People Like Us & Wobbly People Like Us & WobblyMusic For The Fire
I am fascinated by Vicki Bennett’s universe. For me, she’ll always be a big girl who refuses to give up her world of fairies and fantasy, a world that also has its ironic side, of course—if not, she wouldn’t be a big girl. I love how she takes a discipline that is so complex and secluded in the ghettos of experimental music like plunderphonics to familiar, fun ground, where you reach a moment that it’s so wonderful that it wraps you up so much that you entirely forget the suffering and hours of work that it must take to find the audio-collage pieces and put them together. Both Vicki Bennett (that is to say, People Like Us) and Jon Leidecker (alias Wobbly, another veteran activist of plunderphonics based in San Francisco) work on the same wavelength, and they have appeared together live or in studio sampling jams on more than one occasion. “Music for the Fire”, was bound to happen sooner or later. It’s a logical consequence of their working dynamics, which consist of reviewing dialogues from old films, soundtracks, albums of spoken word, and all sorts of sound detritus that popular culture has produced, then cutting them into little strips or specks of sound and making them into a bigger patchwork.
What role does this “Music for the Fire” play in the curriculum of People Like Us after twenty years of work? In reality, it is one more piece in a strict, coherent line of work that the British audio-artist has not strayed from. For Wobbly, it might be a foray into more pop terrain –his interpretation of plunderphonics has always been closer to that of the pioneers John Oswald and Negativland, with a more punk intention, challenging copyright laws, reclaiming the free use of music as if it were oxygen suspended in the air that, once organically processed, can be transformed into energy. Wobbly has always been noisier and more urban—I would like to recommend “Wild Why” (Tigerbeat6, 2002), a frenetic album built from sampled syllables of radio broadcasts of rappers and R&B vocalists. He has never wanted to be as melodic and nostalgic as Bennett, but sooner or later they were bound to reach an agreement. Like the tag line of “Lost” says, “destiny calls.”

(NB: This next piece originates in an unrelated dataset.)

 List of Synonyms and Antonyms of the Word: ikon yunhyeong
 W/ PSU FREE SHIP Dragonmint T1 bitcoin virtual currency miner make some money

What has helped them reach a consensus is the live show. Wobbly and People Like Us have performed together on several occasions, and part of this previously-worked-on, or also improvised material, is what has given a final body to “Music for the Fire”. The album warns you from the start, from its very title, that it should be consumed in a living room, if possible with a fire crackling in the hearth —it’s summer, so the timing is wrong, although the intention is good— as if you were getting ready to enter an incredible fantasy from a book, television broadcast, or an old film. The avalanche of samples is so boundless that you can only describe the album based on general impressions: there are recognisable or familiar samples—just right off the bat I can identify some piano notes from the later Nina Simone, Lionel Ritchie’s falsetto, the spiritual voice of Nusrat Fateh Ali Khan , and (I would swear) the soundtrack of “Quo Vadis” (and if it’s not “Quo Vadis”, it’s “Ben-Hur” or some other majestic peplum). There is jazz and 40’s children’s music, soul, noise, bucolic ambient, voices that speak for half a second, backwards folk, and TV theme songs like “The Twilight Zone” (plus tons of flashes of AOR rock and spoken word transcribed in the libretto that comes with the CD, and which seems like a Lewis Carroll story, although the technique is pure cut-up). There is, definitively, everything that spins around the universe of Vicki Bennett, the big girl, a fascinating universe that is a regressive sound fiction, the re-imagination of a lost, enchanted past (as well as the nightmare of any lawyer specialising in copyrights). For both of them, it is one of their most baroque, yet also most accessible albums. Like The Beach Boys said, “Good vibrations.”